BSchilperoort commented 2 years ago

In PR #85 support for analyzing multiple precursor lags w/ RGDR was added. When a lag does not contain any clusters, RGDR will raise an error. However, a discussion was started on when to raise this error. Either immediately once a certain lag was analyzed and did not contain a cluster, or once all lags have been analyzed and one or more lags do not contain a cluster.

There are pro's and con's to either.

Why raise an error immediately:

if the clustering takes long, and it fails at the first lag, then users won't have to wait for it to complete to be notified of the error.

Why raise an error after processing all lags:

Users do not have to iteratively remove lags without clusters.
Users can find "predictability windows", e.g. there is only significant correlation for a 1 month window half a year ahead of the target time.

In the current implementation, RGDR will analyze all lags first, and only then raise an error.

semvijverberg commented 2 years ago

I would prefer to raise a single (summary) error after processing all lags.

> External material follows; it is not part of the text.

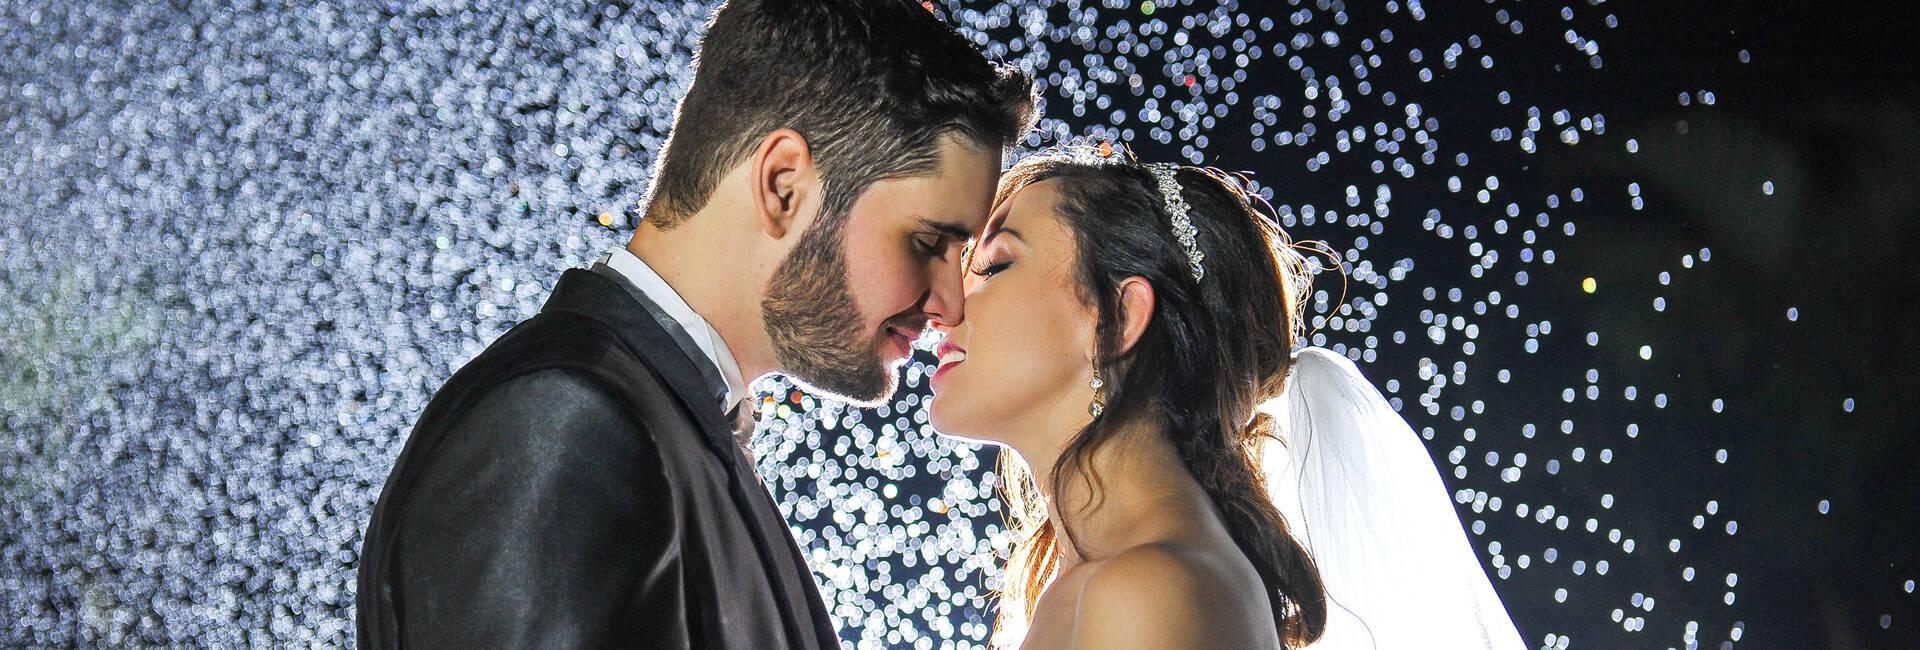 Casamento de Lilian + Thiago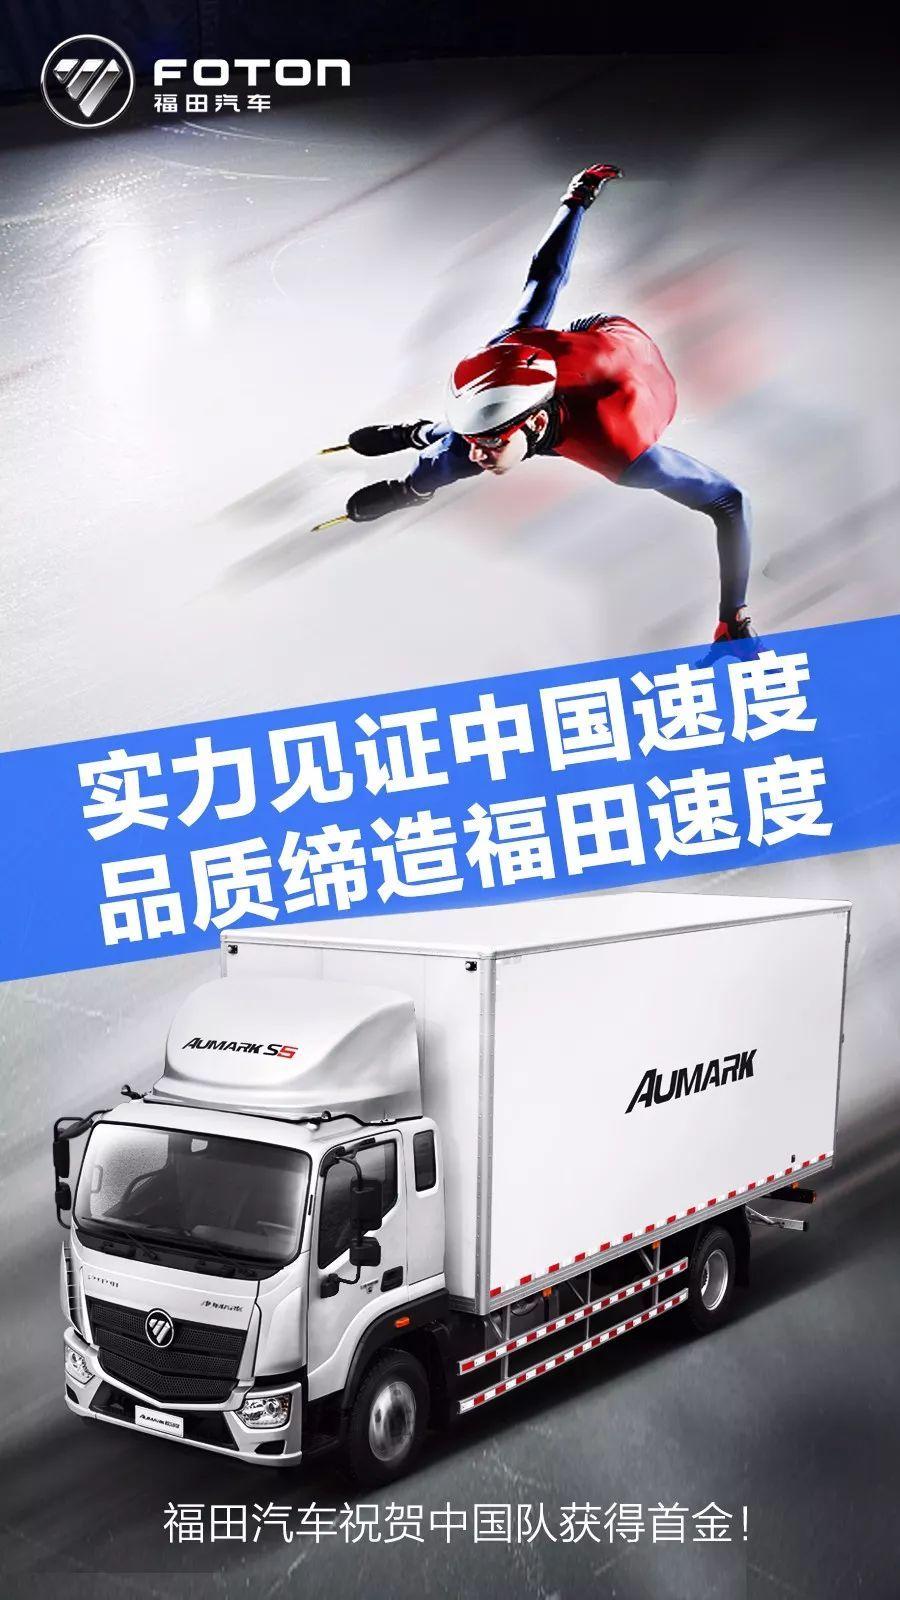 实力,见证中国的速度!

Another important point is that, for practical use in a pipeline setting, only a warning should be printed.

For example, we have a pipeline (building upon proto), where we predict EU temperature across ~20 target clusters and 12 months (240 target timeseries), searching for precursors at 3 lags. Hence, RGDR is executed for 720 times.

Soil moisture is typical precursor that predominantly finds clusters in summer and not in other seasons. There is nothing wrong with not finding precursors regions, it is important the pipeline never breaks (otherwise constructing such a pipeline becomes very tedious and time consuming. In 99% of the cases, when looping over multiple variables (e.g., SST, SM, z500) the RGDR will find some precursors for some variable(s) and thus a predictions can be made. But even for this 1%, when absolutely nothing is found, the pipeline should not crash 🙅 . Otherwise the idea of building scalable pipelines is lost.

geek-yang commented 2 years ago

Then I think we can simply change errors to warnings, to ensure that a heavy job will not be interrupted by the error.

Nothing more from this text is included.